If, on recent travels through Kingston, you heard a choir singing, it wasn’t your imagination. If you heard a dessert-inspired hard rock anthem or a melody asking “Have you never been yellow?” you weren’t dreaming. It was coming from the Rondout, where musicians Morgan Taylor and Rachel Loshak have made a home just as colorful and eclectic as their art.

Reimagination is key here. A simple 1851 post-and-beam farmhouse was reimagined into an innovative, modern space. Classic 1970s rock and easy listening hits are continually reimagined into the musical saga of an alien (from the sun) relocated to Minnesota. A singer-songwriter is reimagining herself as a teacher. Two musicians are reimagining childhood and life.

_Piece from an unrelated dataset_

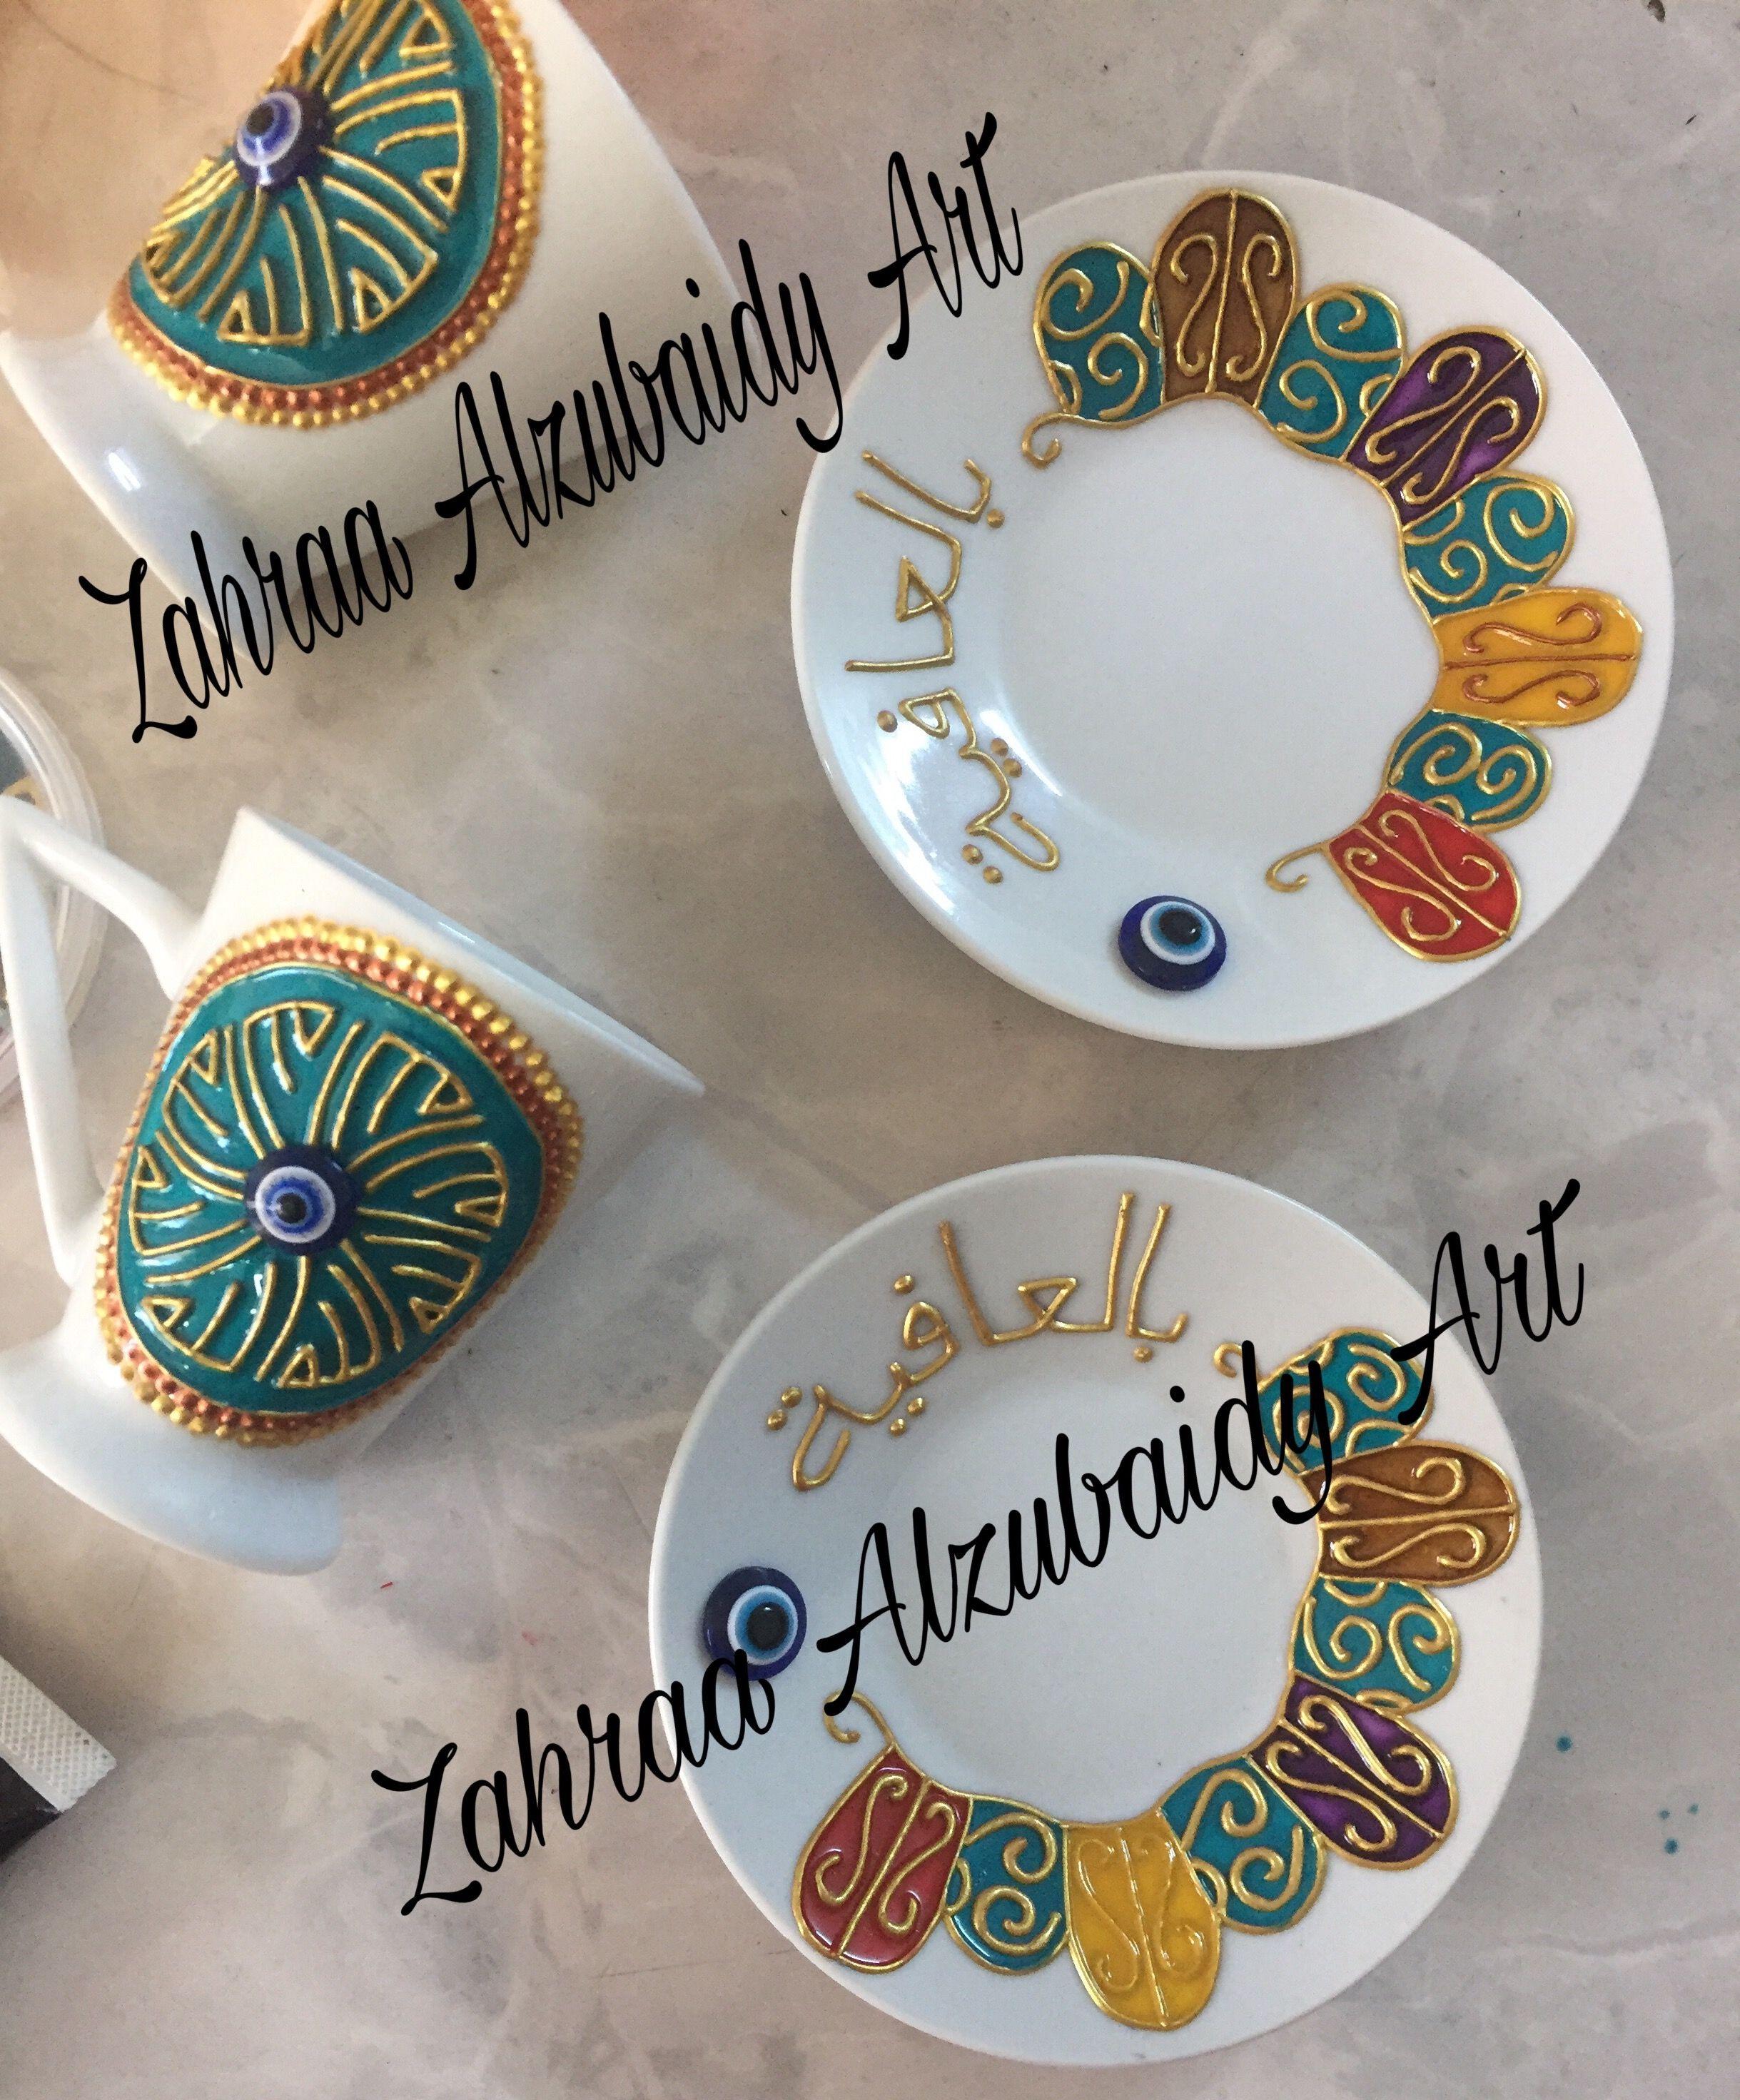 رسم على الفناجين باستعمال الوان الزجاج Painting Glassware Art Paint Party Hand Painted Glassware
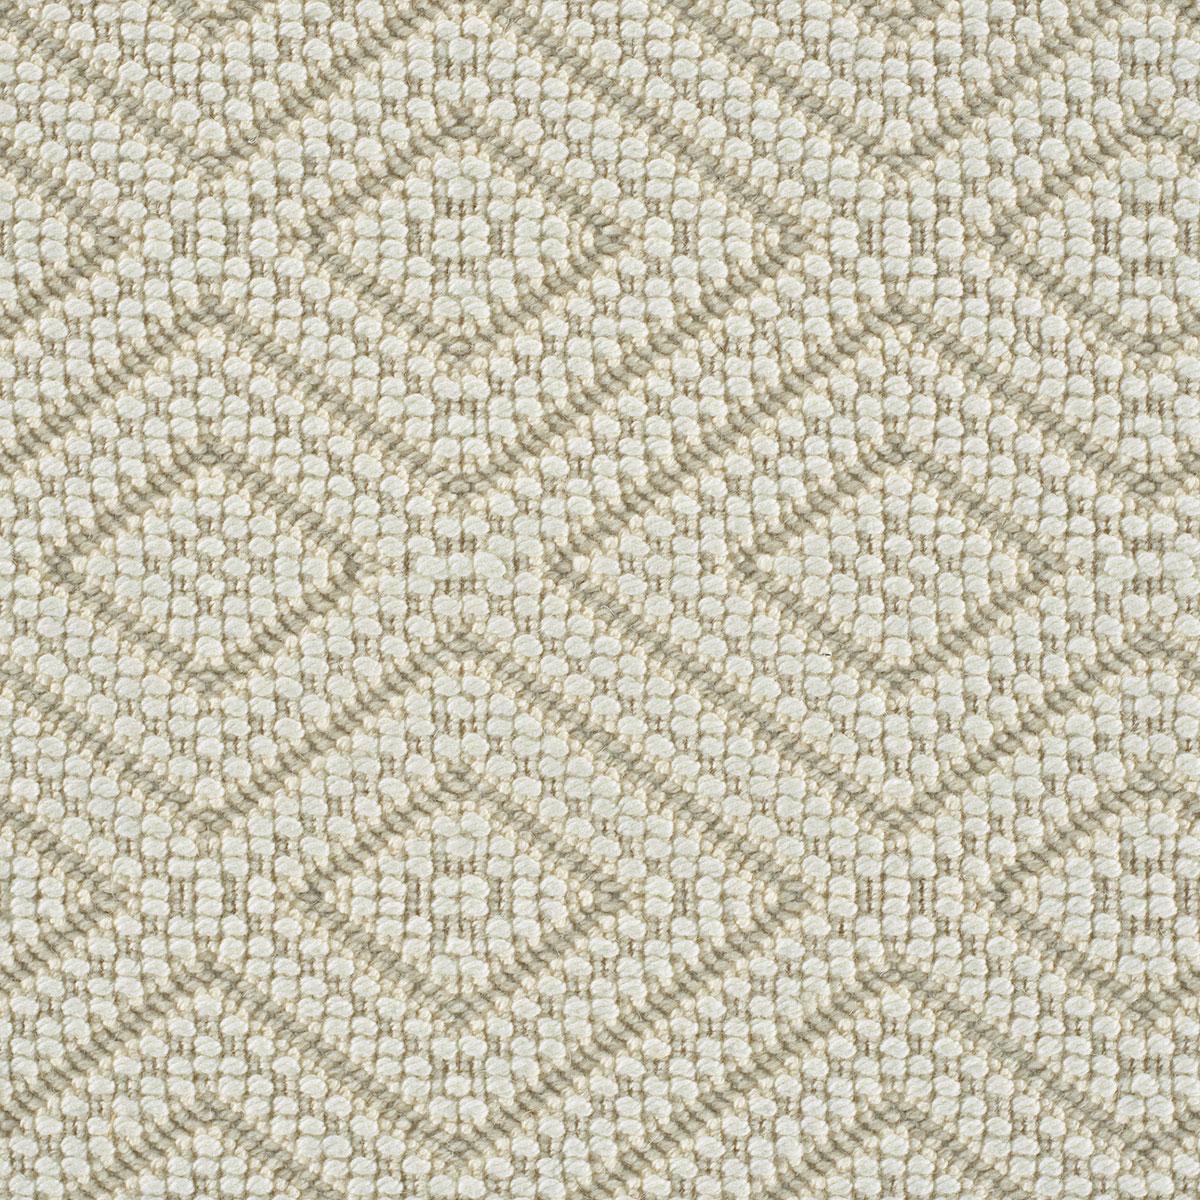 Argento J Mish Mills Wool Carpet Rugs

Gustafer Yellowgold, the aforementioned sun-alien and Taylor’s alter-ego, is the star of albums and DVDs growing in popularity here on Earth. So much so that his latest work,Dark Pie Concerns, was nominated for a 2016 Grammy in the children’s album category. Loshak, for a decade the manager of Gustafer Yellowgold, is better known for her melodious soprano and complex bass playing on albums So Bright,Mint, and Colors. She performs regularly at the Rail Trail Cafe in Rosendale and the Kingston Night Market.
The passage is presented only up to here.